Although the distortion produced by the Class AB amplifier is smaller than that of the Class B amplifier, the price paid for this improvement is the waste of static power consumption and the loss of efficiency. Therefore, the efficiency of the Class AB amplifier will be between Class A and Class B.

Main points of distinction Class A amplifier Class B amplifier Class AB amplifier

Working point position Load line midpoint Load line cutoff point Between load line midpoint and cutoff point

Distortion: The minimum distortion is slightly higher than Class AB. There is crossover distortion, which can be eliminated.

Power transfer efficiency is the lowest, below 50% efficiency is about 50% to 78.5% efficiency is slightly lower than Class B

Main Applications Low-distortion low-power amplifier High-power amplifier General audio amplifier

Class D Amplifier

The Class A, Class B, and Class AB amplifiers mentioned above can all be considered analog amplifiers. This is because their input and output are both analog sound electrical signals, which are amplified by analog amplifiers and do not involve modulation, filtering, encoding, or decoding. Class D amplifiers can be called the simplest digital amplifiers (some people also call them PWM amplifiers, which are not strictly digital amplifiers).

The Class D amplifier receives the analog audio signal and compares it with the triangle wave generated by the internal triangle wave generator. The result is a pulse width modulated signal (PWM), which is then amplified and restored to an analog audio signal. Therefore, the Class D amplifier simulates the analog audio amplitude with the pulse width, and its information transmission process is analog, non-quantized, and non-coded. And due to the current limitations of device performance, PWM amplifiers cannot use too high a sampling frequency, and the performance indicators cannot reach the Hi-Fi level.
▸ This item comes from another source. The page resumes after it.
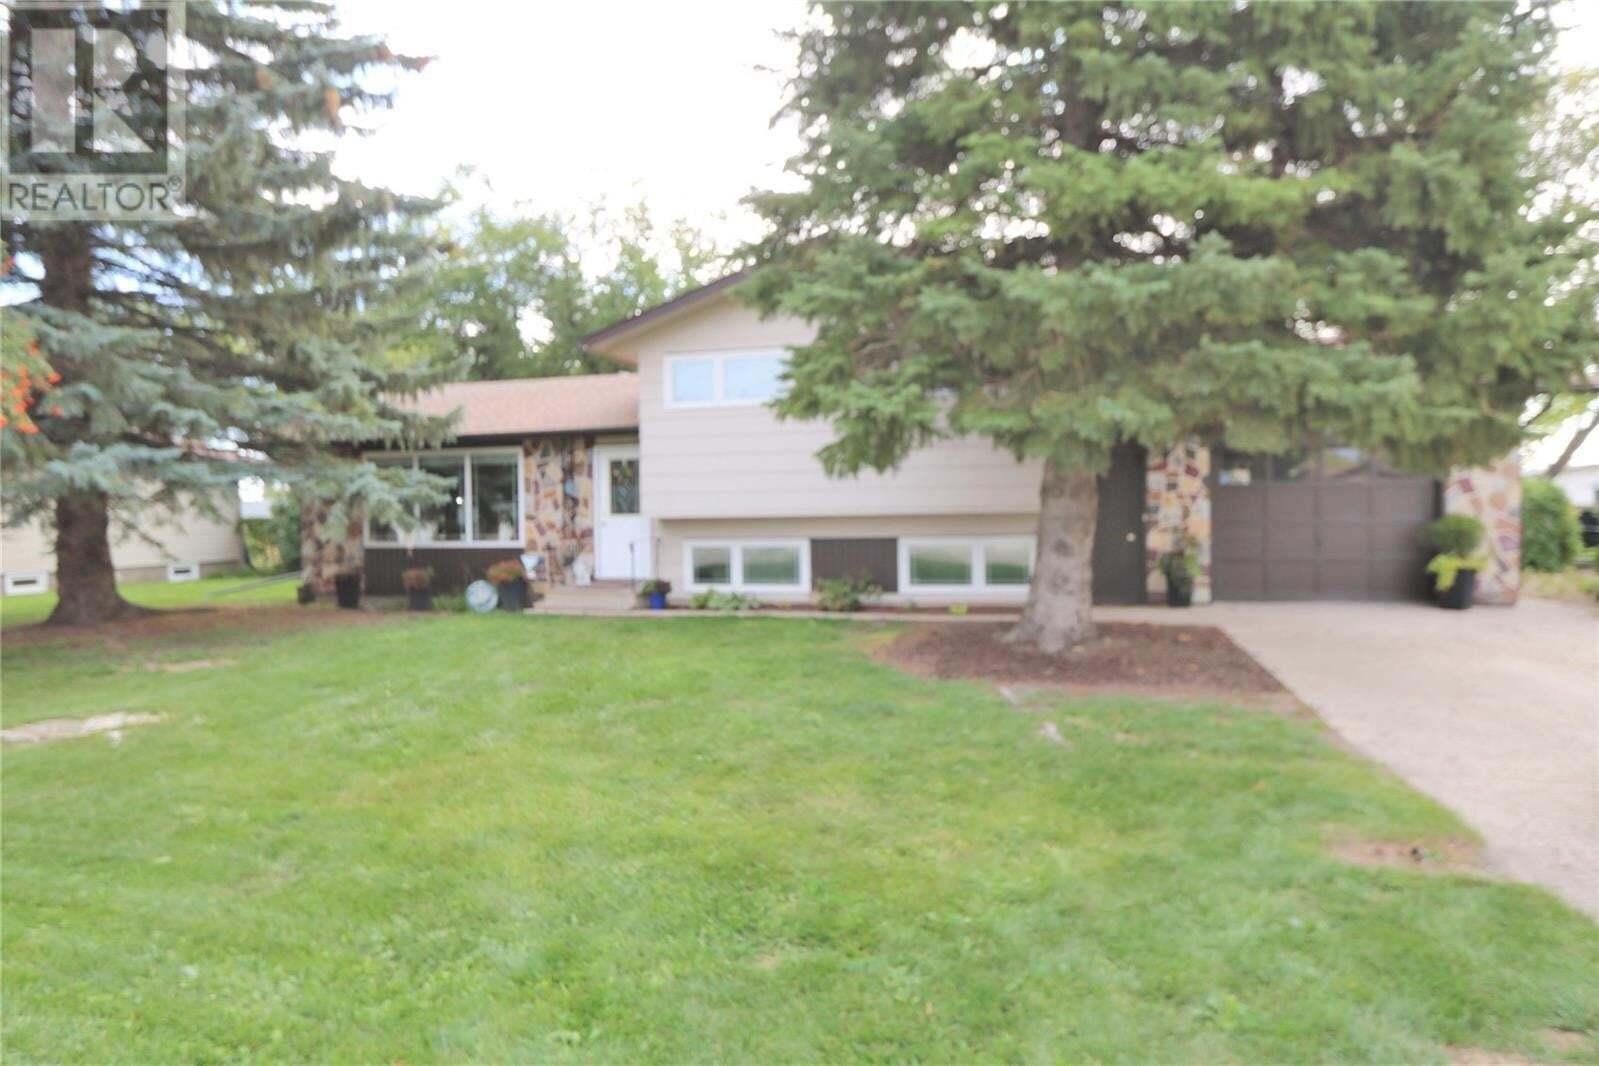 House for sale at 486 Circlebrooke Dr Yorkton Saskatchewan - MLS: SK826135

The efficiency of Class D amplifiers can generally reach more than 80%~90%. Due to its high efficiency, the requirements for environmental heat dissipation performance are greatly reduced, so Class D amplifiers have become the mainstream in current portable products.

Class D amplifier implementation and PWM waveform

For Class D amplifiers, the comparator and the triangular wave signal form a fixed-frequency PWM circuit, which modulates the audio input signal with a triangular wave signal (the frequency of the triangular wave is much higher than the audio input signal, and the frequency of the triangular wave is generally between 25KHz and 1.5MHz).

The larger the input signal amplitude, the wider the generated PWM wave pulse width.

When the Class D amplifier is working, the output P-type and N-type power switch tubes are in the switching state. Ideally, the on-resistance of the power switch tube is 0Ω, and there is no voltage loss. When turned off, the switch tube resistance is infinite and no current flows. Therefore, the efficiency of the Class D amplifier can reach 100% in theory. However, in practical applications, due to the limitations of device characteristics (such as switching speed, leakage current, on-resistance is not zero, etc.), the actual working efficiency can reach more than 90%. The general design architecture of the Class D amplifier is shown in the figure below. In the actual design, protection circuits such as over-temperature protection and over-current protection are also added.

Class G Amplifier

In order to improve the efficiency of the power amplifier, the G-class power amplifier was developed. The G-class power amplifier was proposed by Hitachi in 1976. Its main principle is to provide multiple power supply voltages for the power amplifier and select the required power supply voltage according to the size of the input audio signal. When the input signal is low, a small power supply voltage is provided to the circuit, and vice versa, a high power supply voltage is provided. Since the audio signal has a very high peak rate (Peak-to-Mean Ratio), the flexible selection of the power supply voltage of the G-class power amplifier can effectively reduce power consumption and improve efficiency. Therefore, the G-class power amplifier has been increasingly widely used in high-power audio power amplifier systems in recent years.